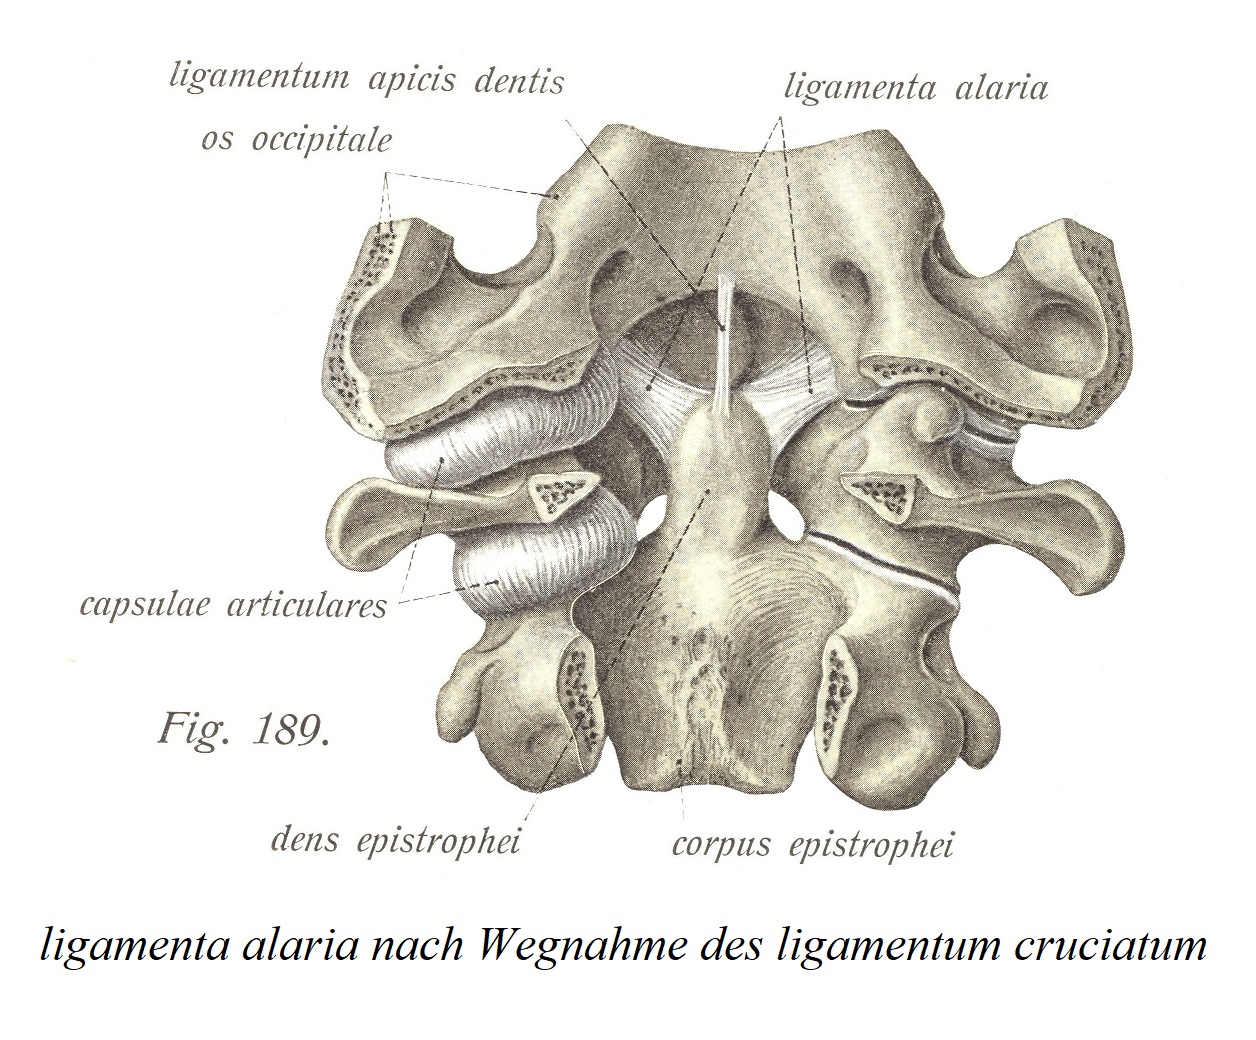 ligamenta alaria после удаления крестообразной связки
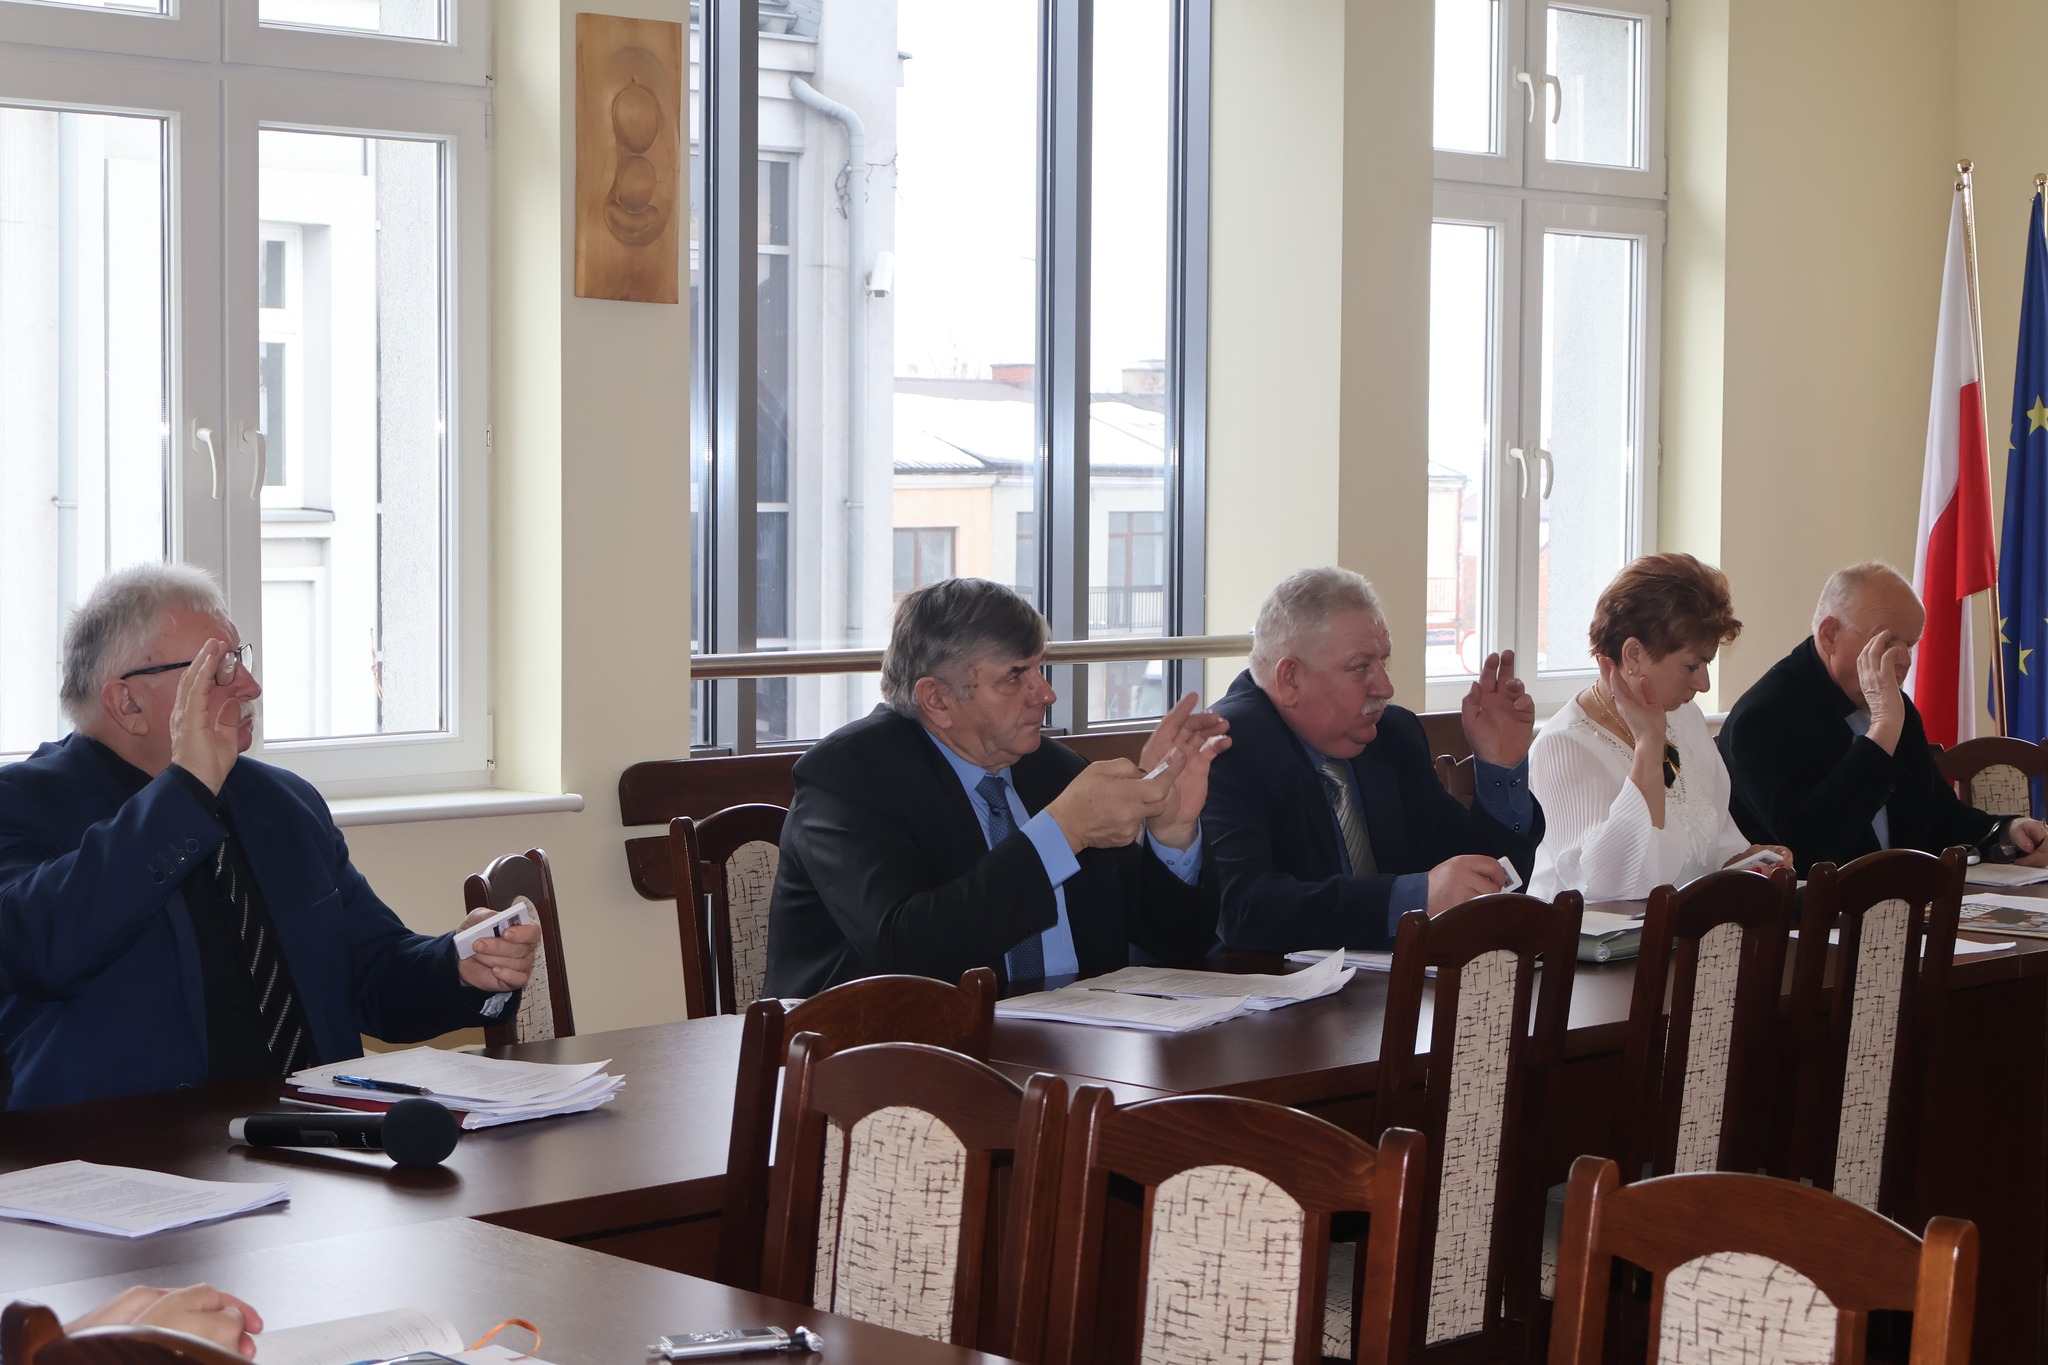 Na zdjęciu grupa radnych siedzących przy stole i głosujących za projektem 
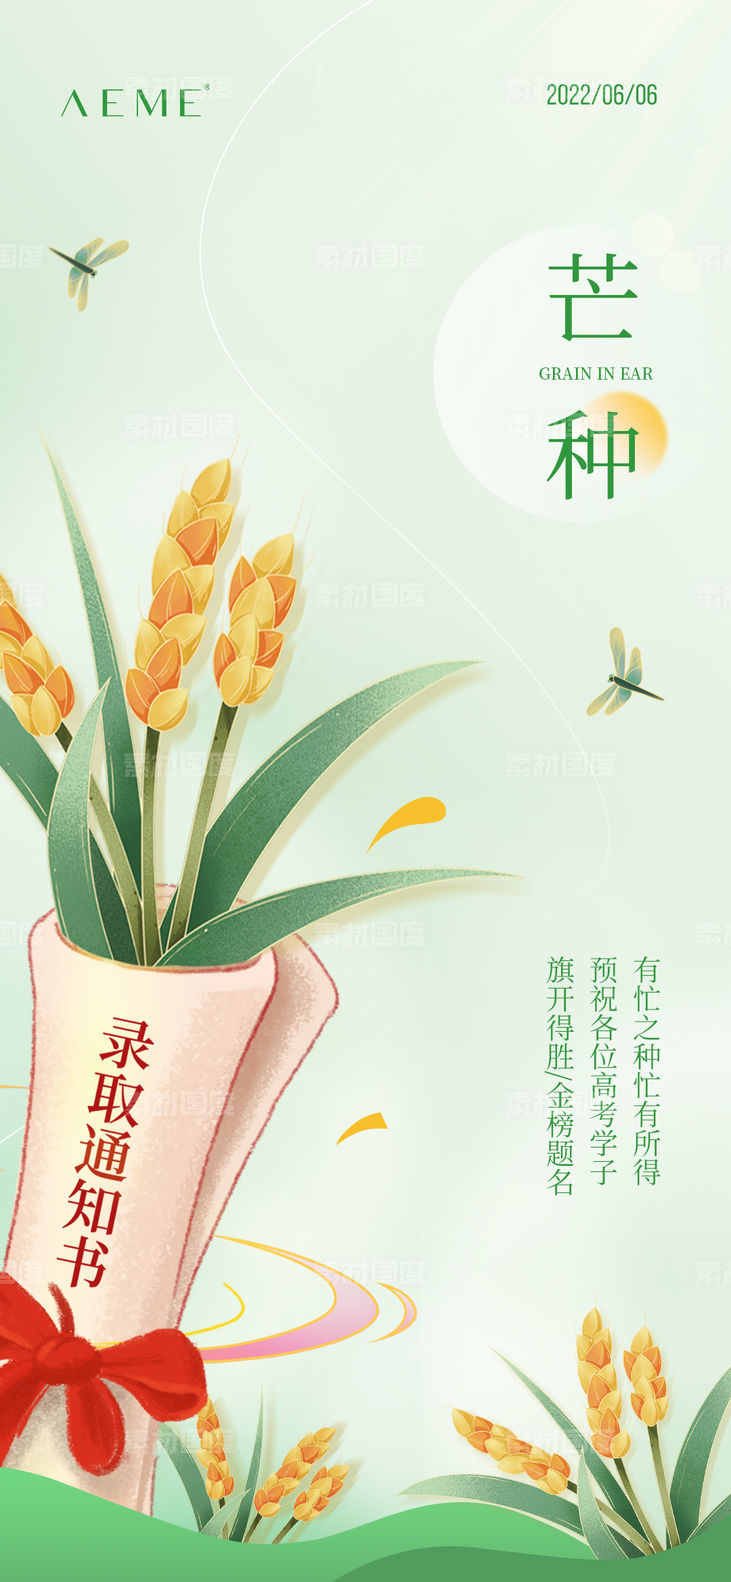 芒种简约风麦子高考传统节日节气海报
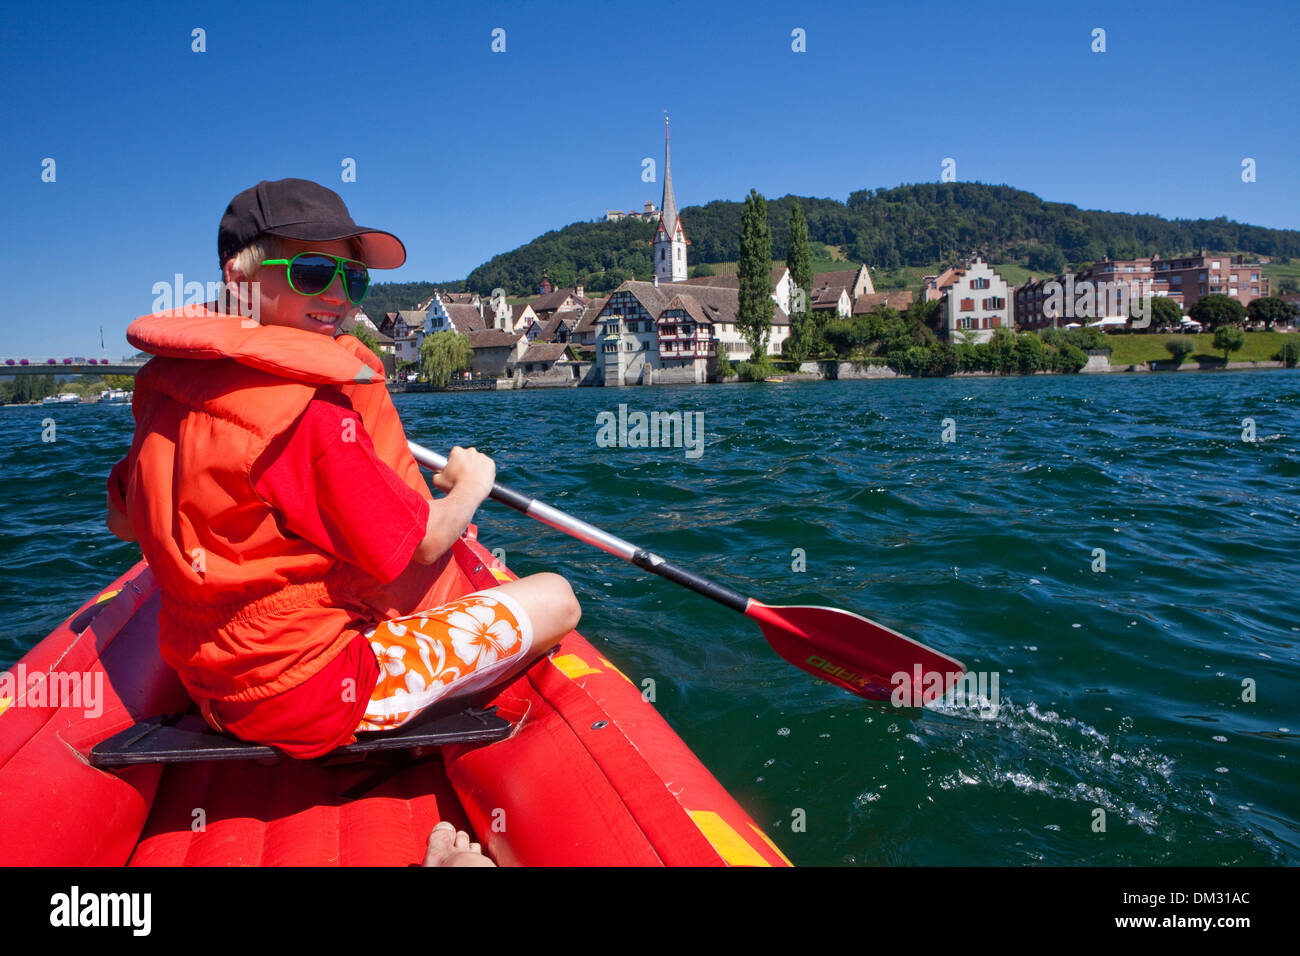 Suiza Europa cantón Schaffhausen SH Stein am Rhein barco barco agua chalupas sport boat canoa balsa salvavidas balsa de goma Foto de stock

__________________________________________________

[What to produce]:
Set down the material once more, exactly, with the pictures omitted.

[Result below]:
 ligamenta alaria после удаления крестообразной связки
 Na zdjęciu grupa radnych siedzących przy stole i głosujących za projektem 
 芒种简约风麦子高考传统节日节气海报
 Suiza Europa cantón Schaffhausen SH Stein am Rhein barco barco agua chalupas sport boat canoa balsa salvavidas balsa de goma Foto de stock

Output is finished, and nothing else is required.